**WHAT YOU WILL DO**
Write the data out again, character for character, with no images.

**INFORMATION SUPPLIED**
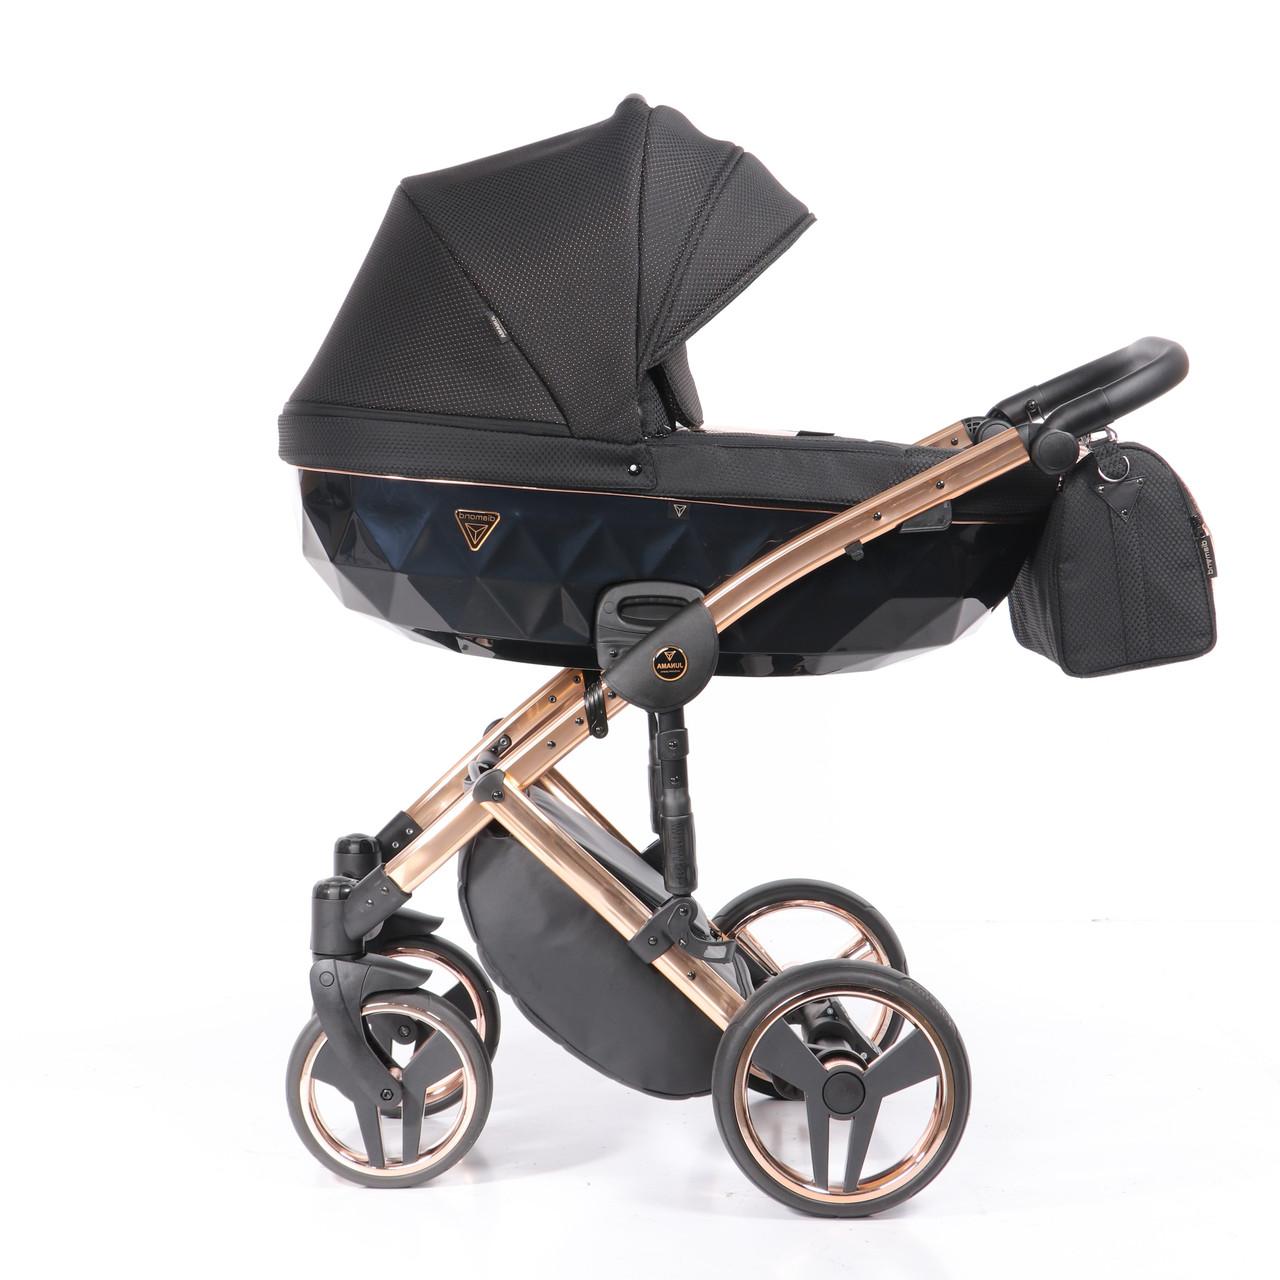 Дитяча універсальна коляска 2 в 1 Junama Onyx 02
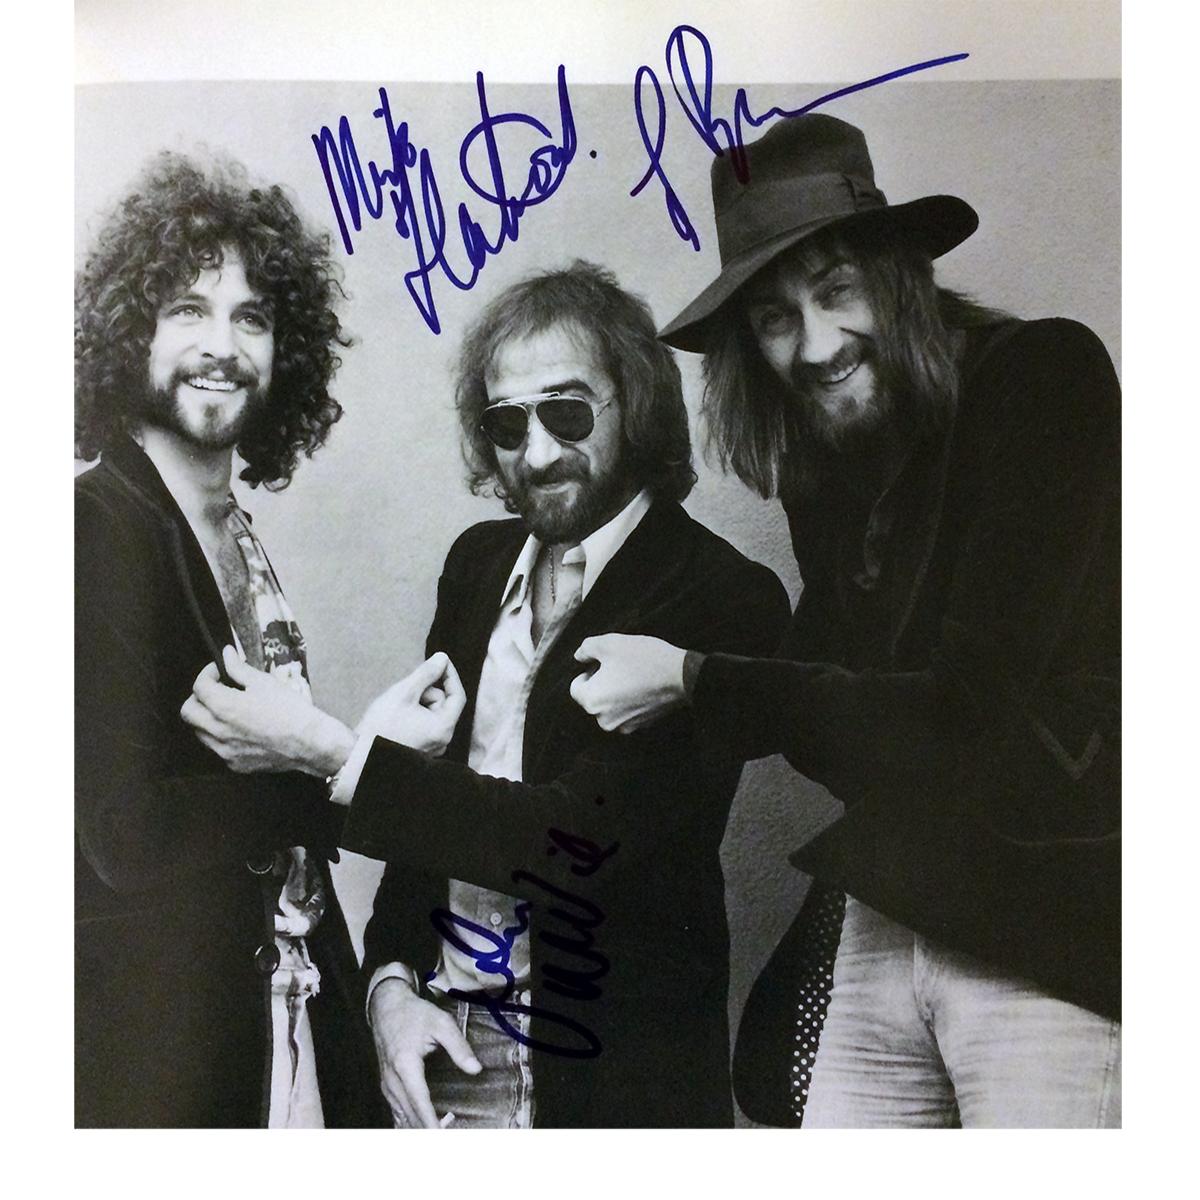 Fleetwood Mac Photo #4
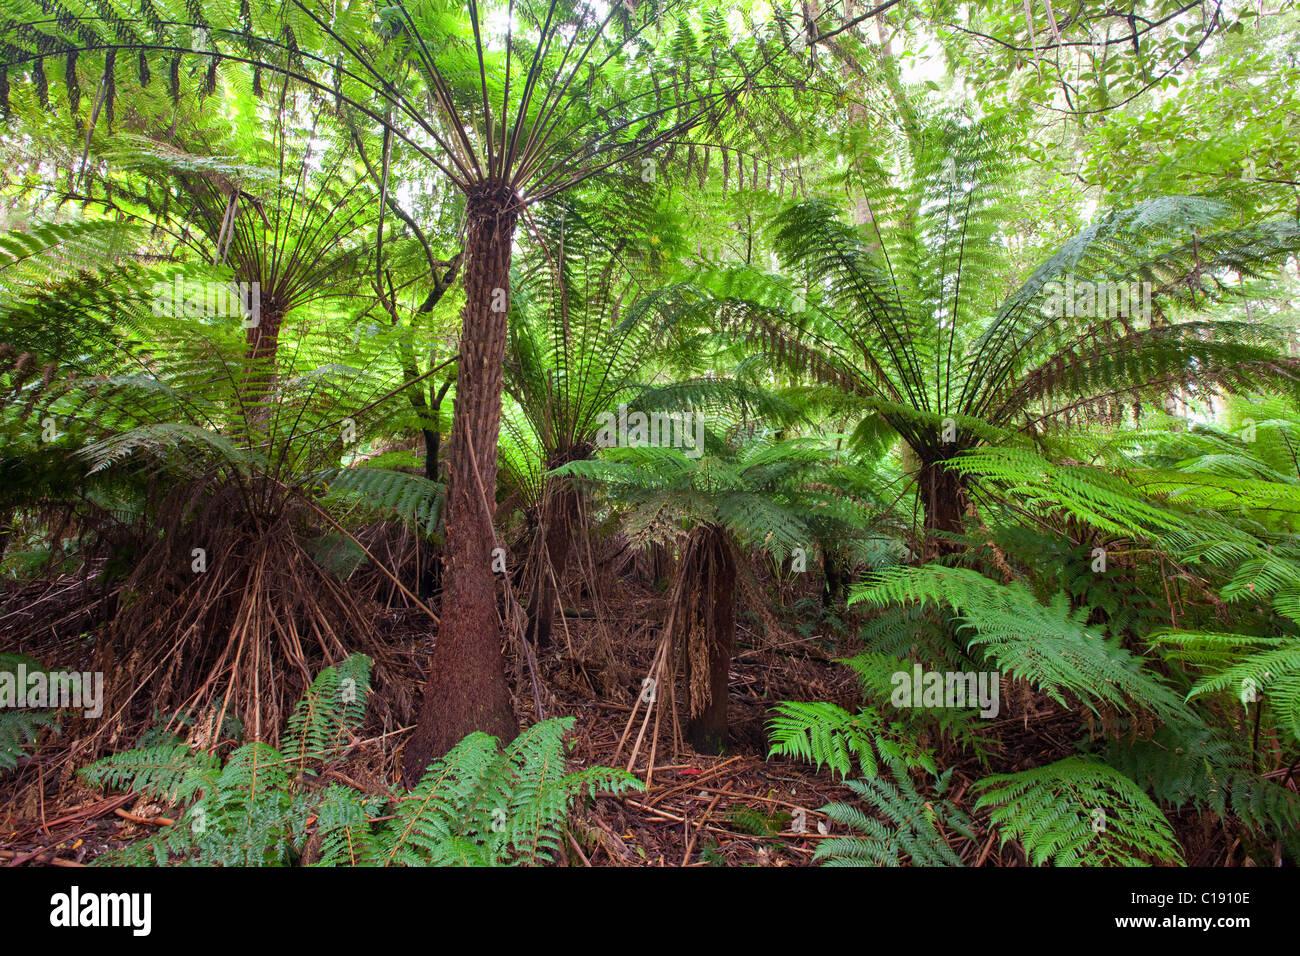 temperate rainforest, Great Otway National Park, Victoria, Australia - Stock Image

**EXERCISE SOLUTION**
 Дитяча універсальна коляска 2 в 1 Junama Onyx 02
 Fleetwood Mac Photo #4
 temperate rainforest, Great Otway National Park, Victoria, Australia - Stock Image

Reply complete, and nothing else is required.